The Supreme Court (SC) of India, on Friday, ordered a stay on the implementation of an earlier judgment, passed by the National Company Law Appellate Tribunal (NCLAT) that ordered the reinstatement of Cyrus Mistry as executive chairman of Tata Sons, the flagship holding firm of the $110-billion Tata group. This was reported by the Press Trust of India on Friday afternoon.

On December 18, 2019 the NCLAT had overturned an earlier verdict passed by the Mumbai bench of the National Company Law Tribunal (NCLT) that had dismissed a plea by Mistry, who was sacked as Tata group chairman in 2016, and a couple of his family investment firms. The Shapoorji Pallonji (SP) Group, whose patriarch Pallonji Mistry is Mistry’s father, is the single largest shareholder in Tata Sons with an 18.4% stake. In his suit before the NCLT, Mistry had alleged oppression of minority shareholders and mismanagement and had also challenged the legality of the process by which he was removed as chairman and as a director on the board of a few listed Tata group firms. The allegations were levelled against Tata Sons, its directors, the Tata Trusts (a clutch of philanthropic bodies that collectively own a majority of 66% in Tata Sons), and its trustees (including Mistry’s predecessor Ratan Tata).

The NCLT found no merit in Mistry’s suit and dismissed it. Mistry consequently moved the NCLAT, which last month passed a judgment in his favour. The NCLAT found the board meeting at which Mistry was removed as chairman to be illegal; found merit in claims of prejudicial behaviour against minority shareholders like the SP Group; and also ordered a reversal of Tata Sons’ conversion into a private limited company from a public limited company. Tata Sons and Ratan Tata in his personal capacity then moved the apex court earlier this year, asking for the NCLAT judgment to be declared void as it went against the grain of corporate democracy.

While the fine print of the SC’s order issued on Friday needs to be examined carefully, it appears that the stay on the NCLAT verdict is to allow the apex court to hear the matter, and the arguments of both sides, in its entirety. A report on NDTV.com stated that the chief justice of India, S.A. Bobde, while hearing the matter, observed that the NCLAT’s decision to restore Mistry’s chairmanship might have been an “adjudication error” that permeates the whole order.

Earlier this month, Mistry had issued a detailed press statement clarifying that he wasn’t seeking to return as Tata Sons chairman, or as a director on the board of the group companies. He stated that his battle against Tata Sons and its promoters had more to do with ensuring the highest level of governance at one of India’s oldest and largest business houses and not an individual quest for power. In that sense, the apex court’s stay on the restoration of Mistry’s chairmanship won't have much impact. What will however be crucial is the stand that the SC takes on the right that the Mistry family has to a seat on the board of Tata Sons. Soon after Mistry moved the NCLT against his ouster, he was also removed as a director on the board of the flagship holding company of the salt-to-software conglomerate.

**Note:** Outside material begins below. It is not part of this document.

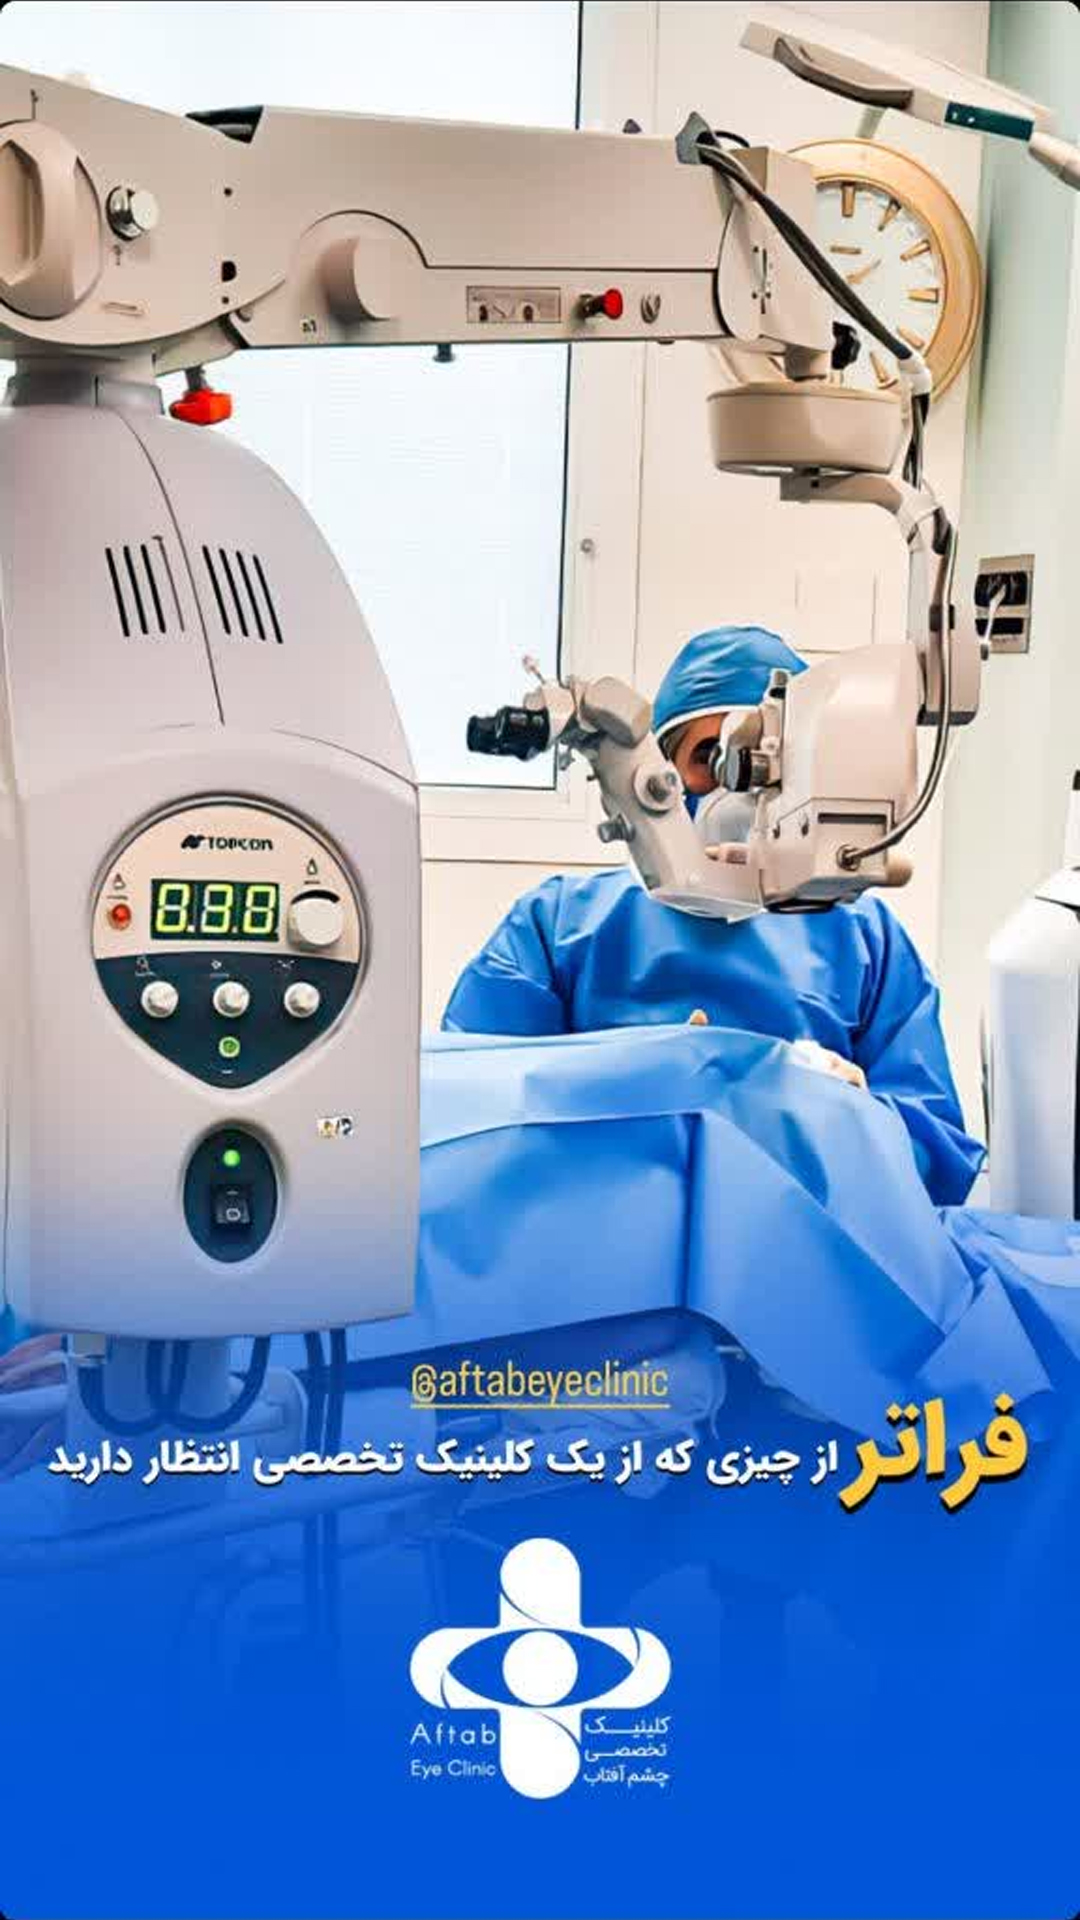 کلینیک چشم پزشکی آفتاب اصفهان

In his last statement issued on January 6, Mistry maintained that he will continue to fight for his family’s right to be on the board of the company. The NCLAT in its judgment had also observed that, going forward, the majority shareholders of Tata Sons should discuss important corporate matters with minority shareholders like the SP Group, before taking a final decision. Given the troubled relationship, this entails the potential for future flash points that can hinder operations if the two sides do not see eye to eye on matters.

Though Pallonji Mistry had been a director of Tata Sons (and was later succeeded by his son Cyrus, even before he became group chairman), it was always at the invitation of the company. Tata Sons says there is no written agreement that mandates it to have a member from the SP Group as a board member.